Summary of the 3rd Forum of Mayors

The mayors of European coal municipalities met at the Third Forum of Mayors for a Just Transition in Bytom. This edition of the Forum was unique – due to the pandemic and was organised in a virtual formula. Nevertheless, more than 100 people took part in the event, including 40 mayors from Poland, Ukraine, Bulgaria, Germany, Greece, Bosnia and Herzegovina, Czech Republic, Slovenia and Romania. Is Europe closer to a just transition of mining regions?

The host of the event – Mr. Mariusz Wołosz, Mayor of Bytom – talked about the unsuccessful transformation experiences of his city and the challenges facing the decarbonising EU economies. The event included a debate with the participation of, among others, Professor Jerzy Buzek[1], and workshops in subgroups where mayors and employees of regional governments could share their experiences on the transition process. What did those participants share?

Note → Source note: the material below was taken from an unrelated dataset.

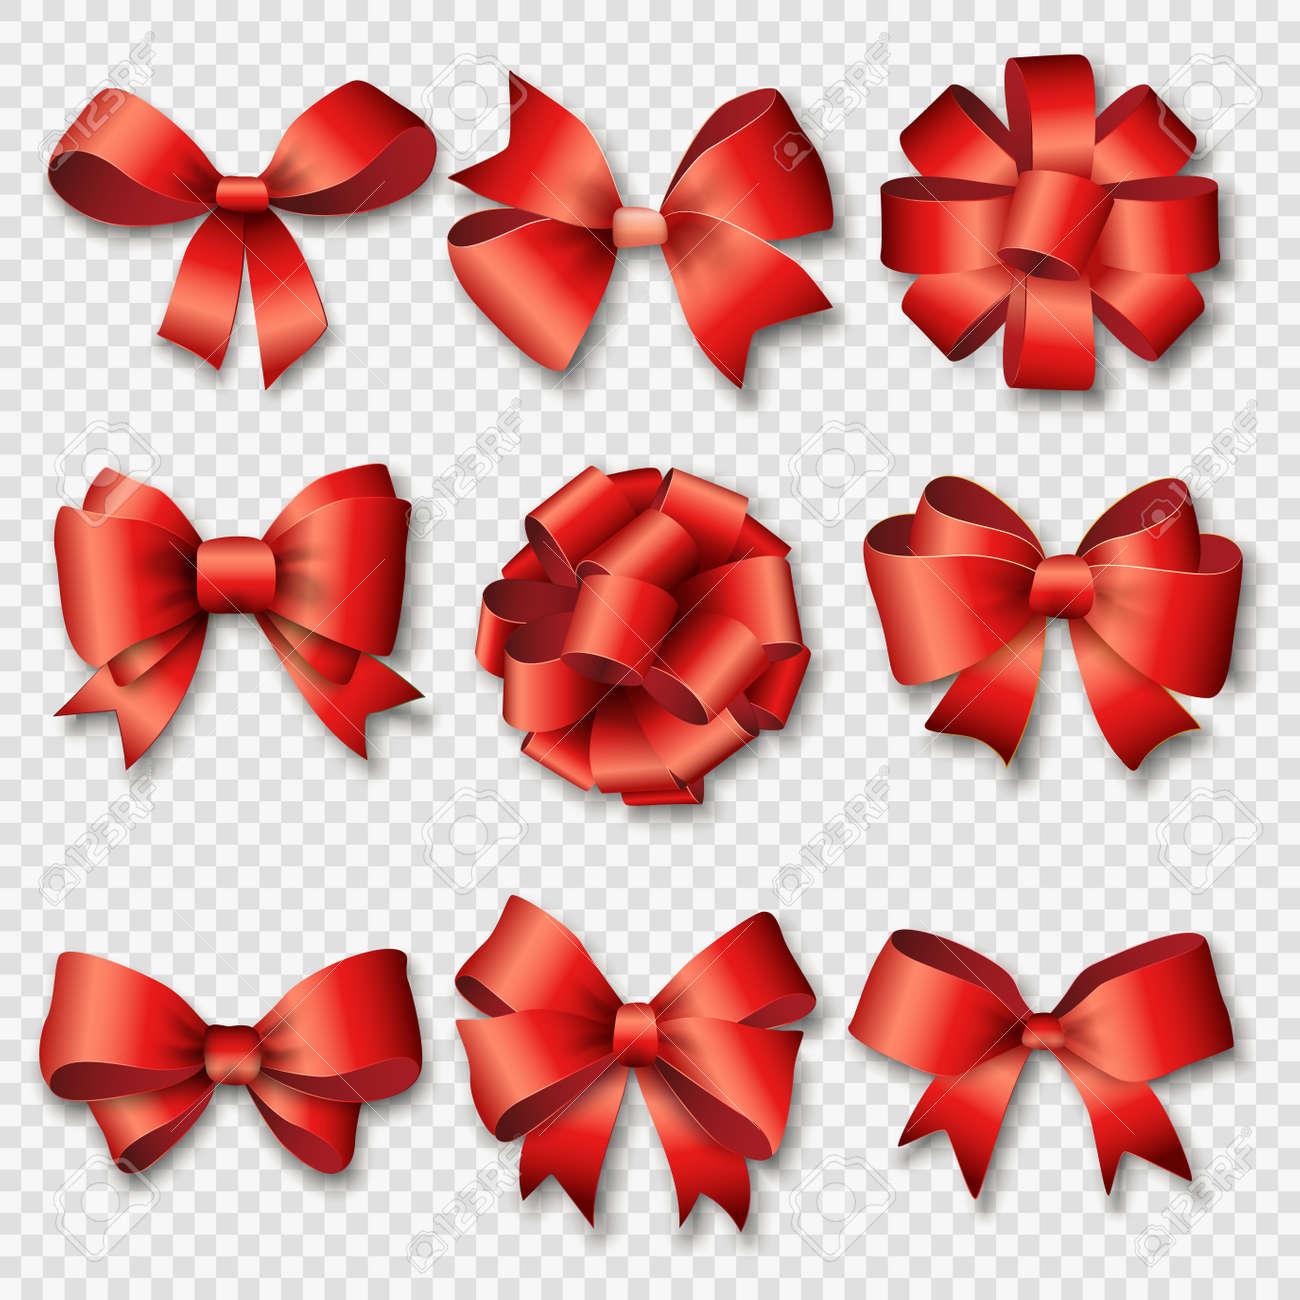 Farbbänder Für Weihnachtsgeschenke Gesetzt. Red Geschenk Bögen Mit ...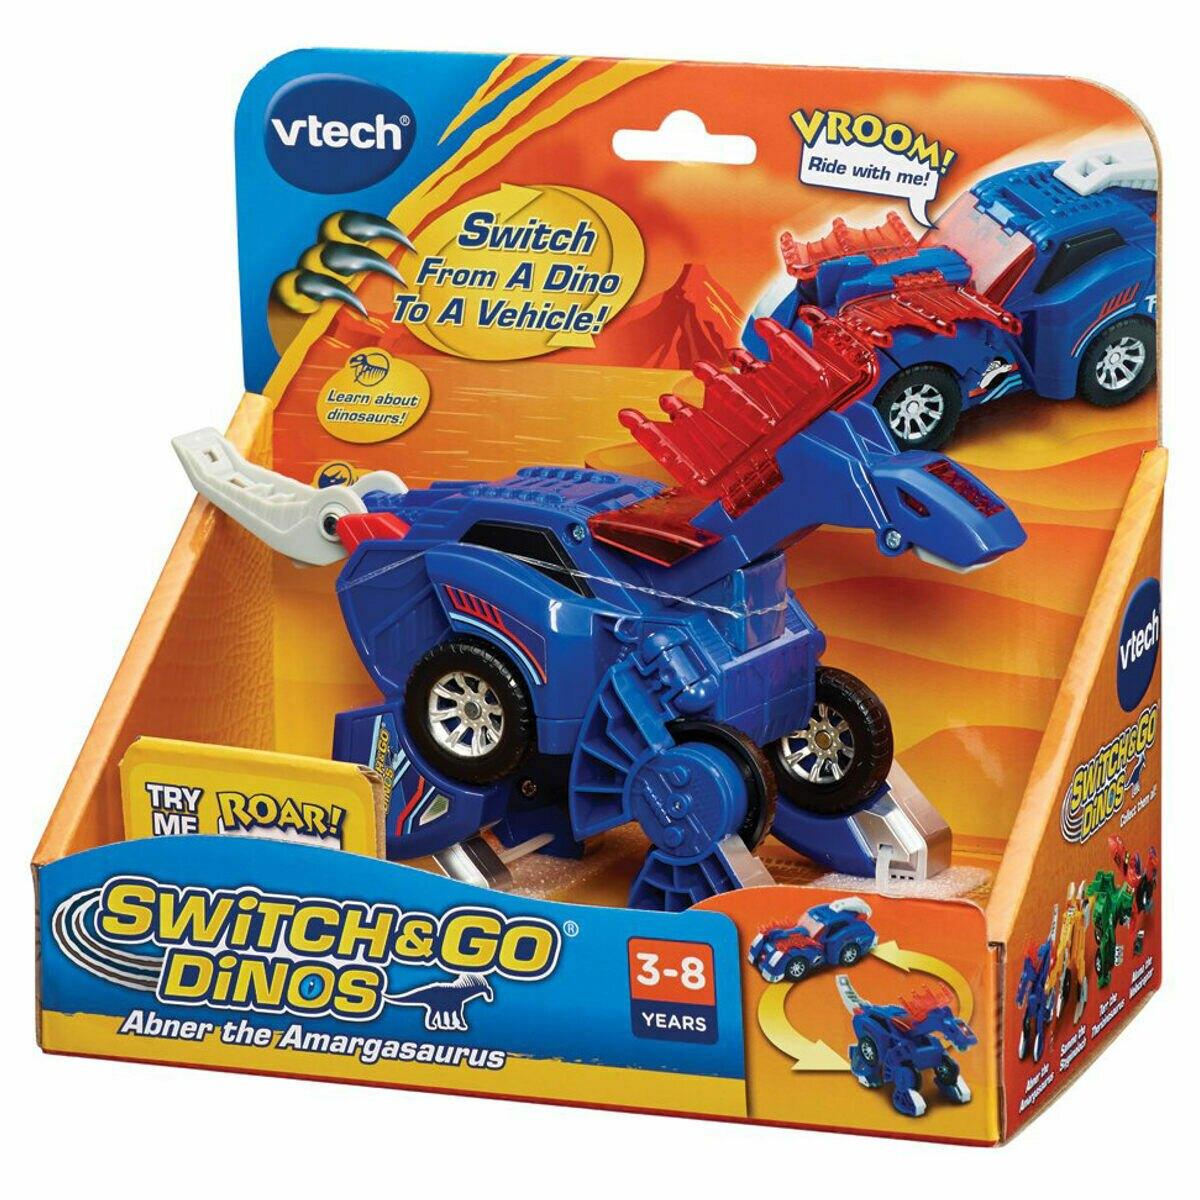 《英國 Vtech》聲光變形恐龍車-阿馬加龍-艾伯納 東喬精品百貨

ON THE WAY TO CLIMATE NEUTRALITY

Farewell to coal is a challenge not only for the Polish economy. Several EU countries are facing this challenge. This year’s talks at the Forum of Mayors focused on preparations for the launch of the Just Transition Fund, set up by the European Commission to support coal and industrial regions in building a secure future. As Professor Jerzy Buzek noted:

A well-conducted mining transformation is an opportunity for many European economies, where coal still plays an important role as an energy material. (…) If we are to succeed with the European Green Deal, we must succeed with a Just Transition. It is fundamental for every European, not just those depended on the coal industry. This really is our common problem. (…) The Just Transition Fund itself is an expression of support for citizens living in areas which are going to undergo the most profound changes. This fund is an important element of the European Green Deal.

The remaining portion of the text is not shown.